___ Dataset
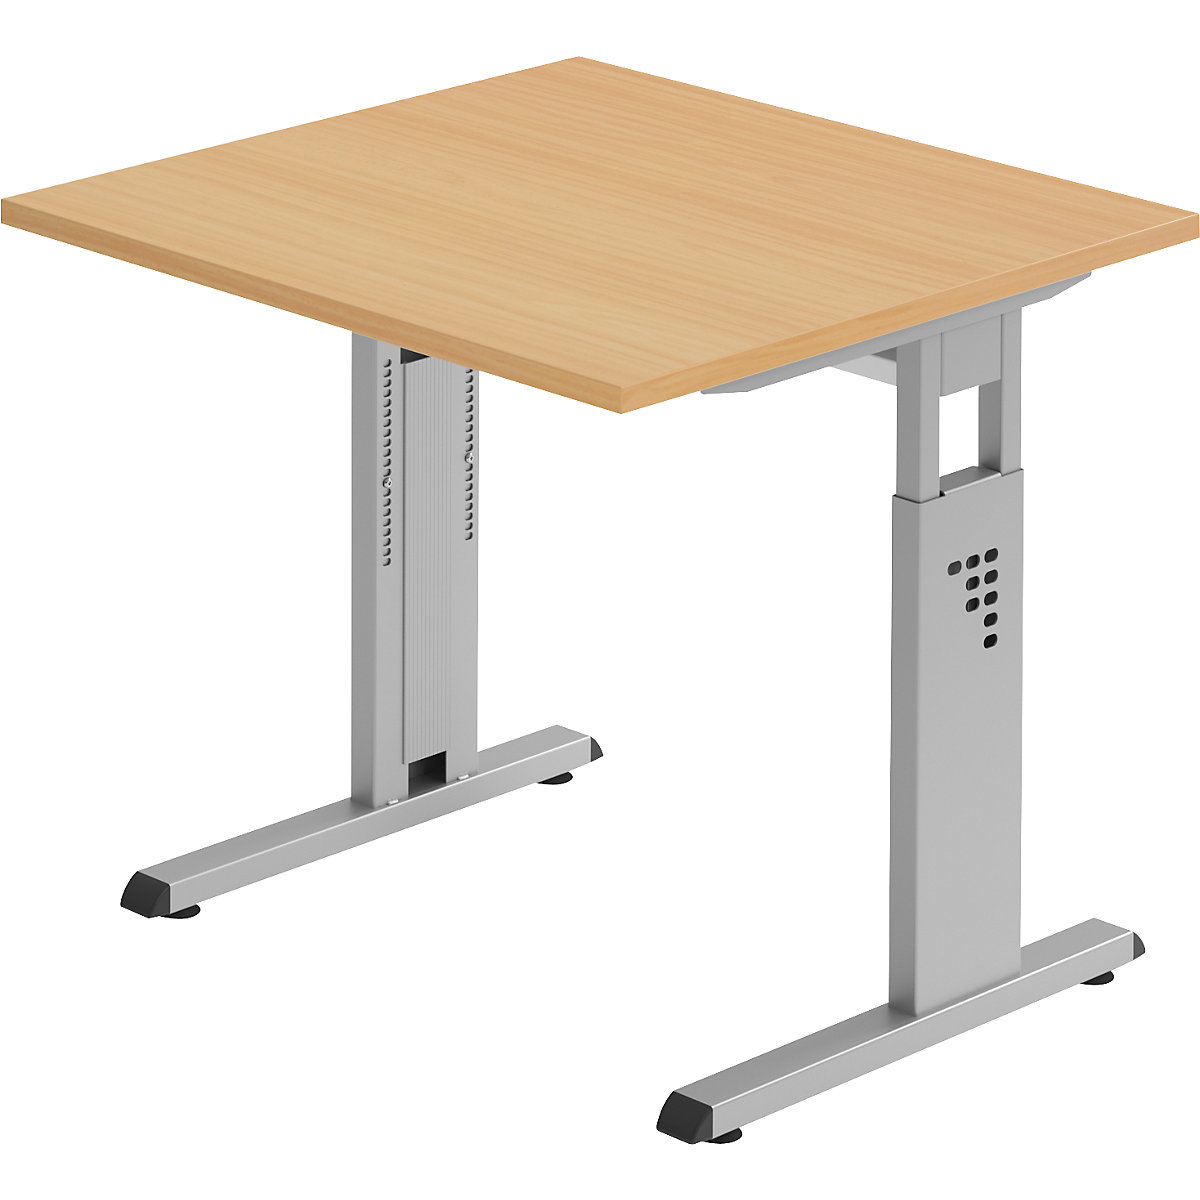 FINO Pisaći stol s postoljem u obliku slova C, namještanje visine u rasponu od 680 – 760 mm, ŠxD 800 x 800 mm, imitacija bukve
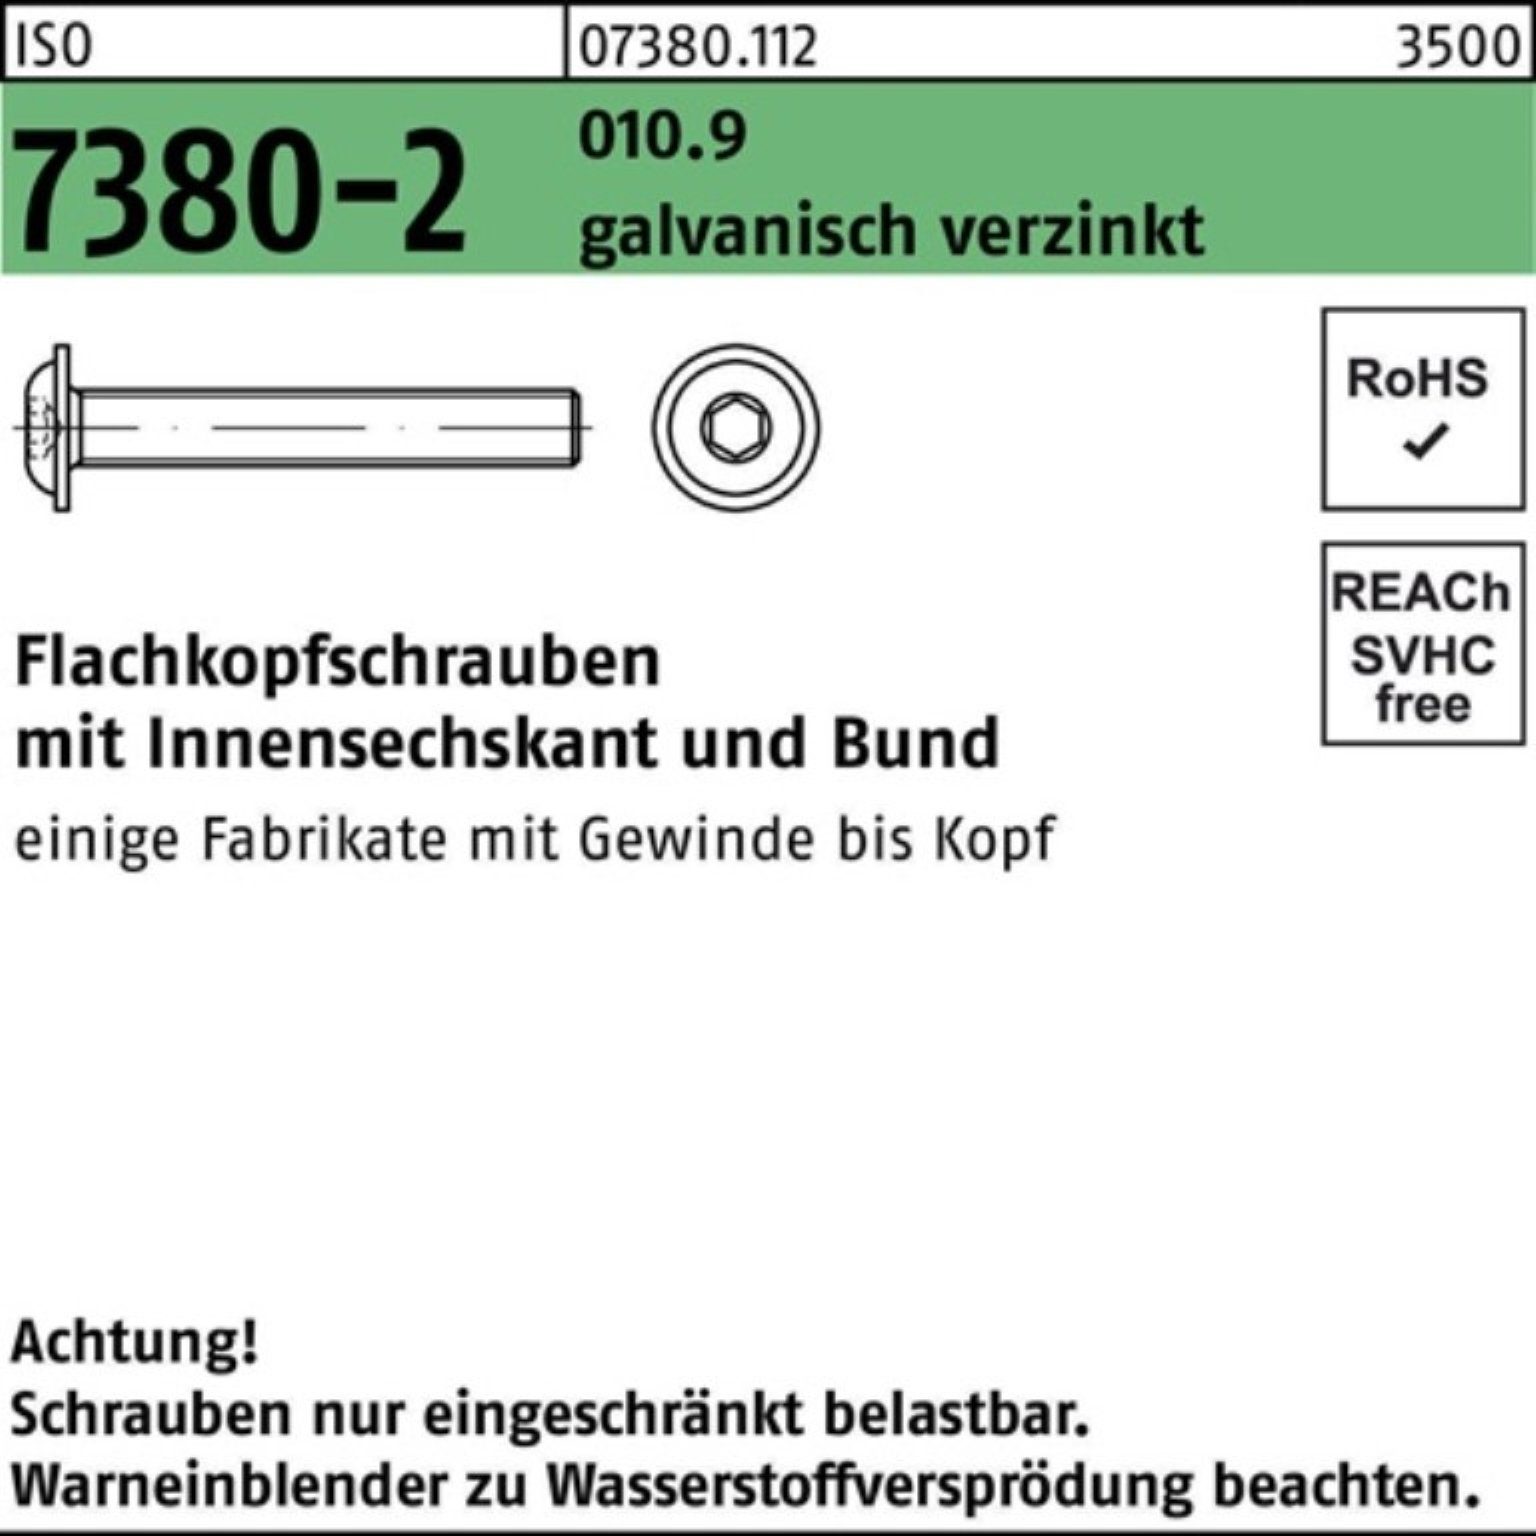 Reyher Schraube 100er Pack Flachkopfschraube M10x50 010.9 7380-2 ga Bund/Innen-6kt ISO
______
___ Dataset
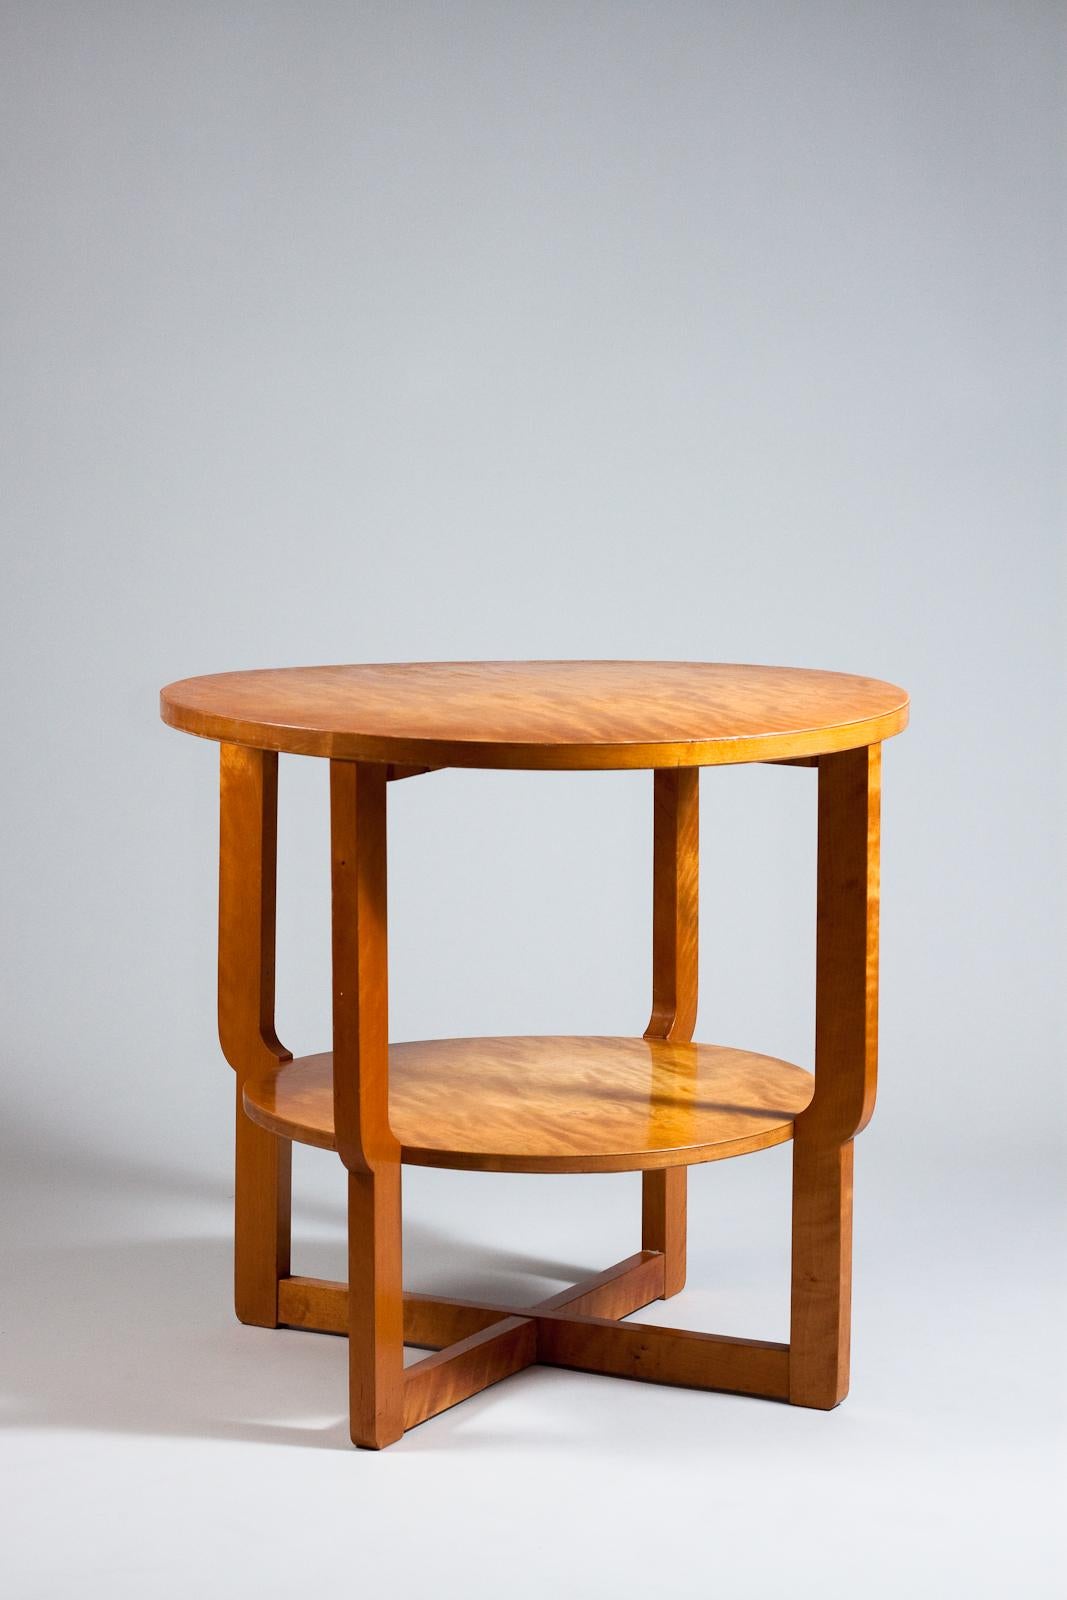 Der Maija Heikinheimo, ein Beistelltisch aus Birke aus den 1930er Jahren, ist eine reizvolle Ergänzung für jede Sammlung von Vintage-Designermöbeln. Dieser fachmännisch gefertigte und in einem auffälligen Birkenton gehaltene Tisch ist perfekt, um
______
___ Dataset
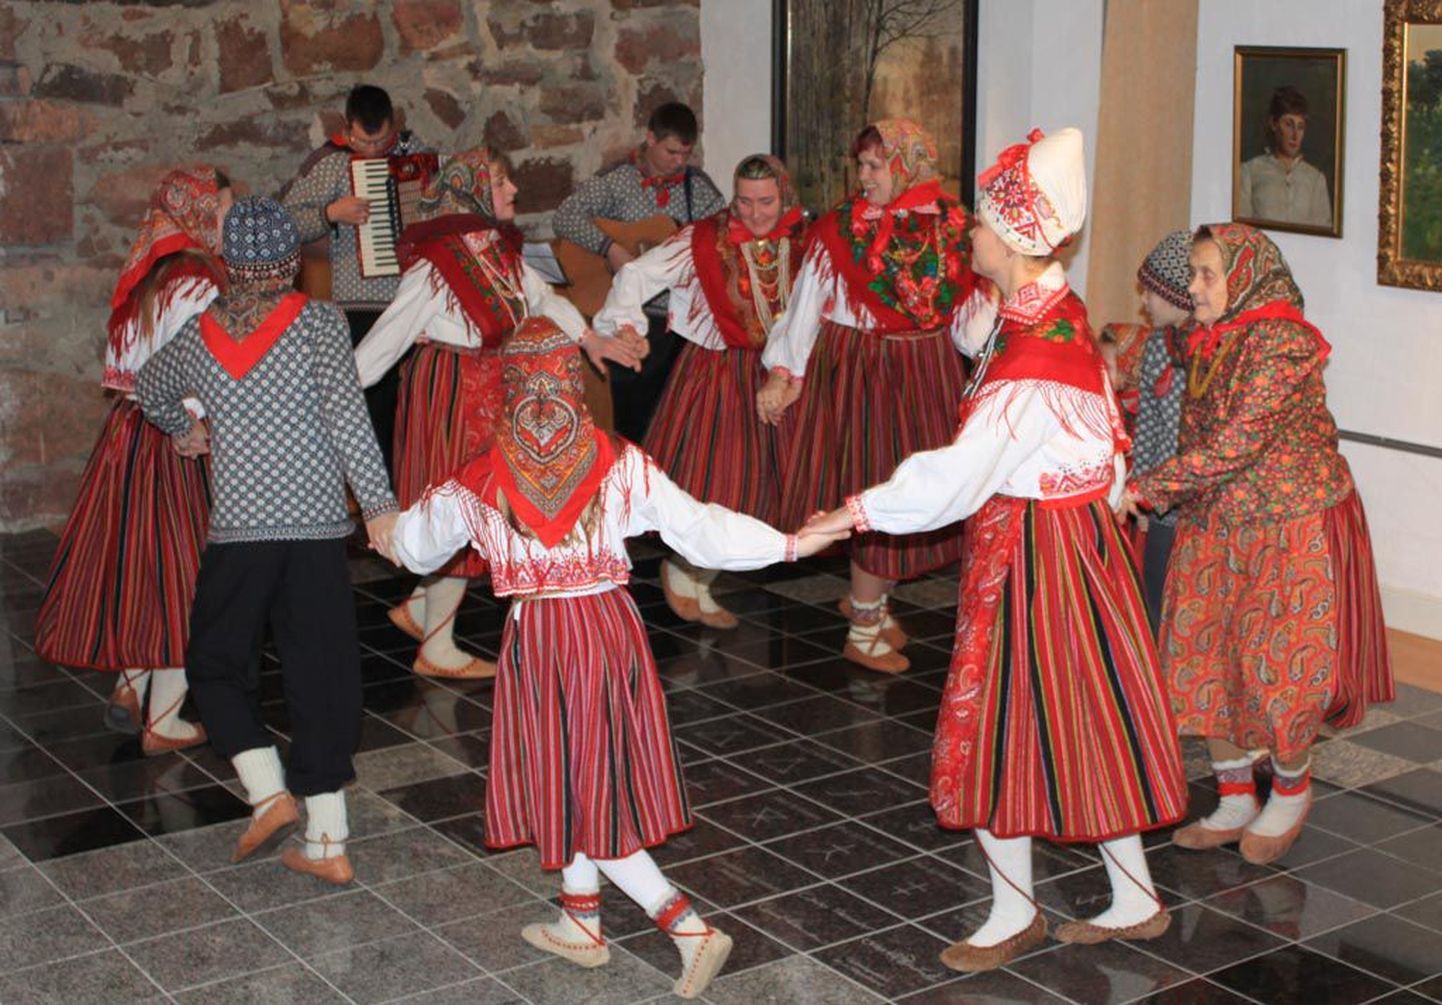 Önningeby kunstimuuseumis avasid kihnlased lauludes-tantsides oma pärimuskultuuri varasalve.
______
Among the entries above, take the line with "FINO Pisaći stol", the line with "Reyher Schraube 100er", and all the lines between them, and restate them word for word without pictures.

Task solution ::
 FINO Pisaći stol s postoljem u obliku slova C, namještanje visine u rasponu od 680 – 760 mm, ŠxD 800 x 800 mm, imitacija bukve
 Reyher Schraube 100er Pack Flachkopfschraube M10x50 010.9 7380-2 ga Bund/Innen-6kt ISO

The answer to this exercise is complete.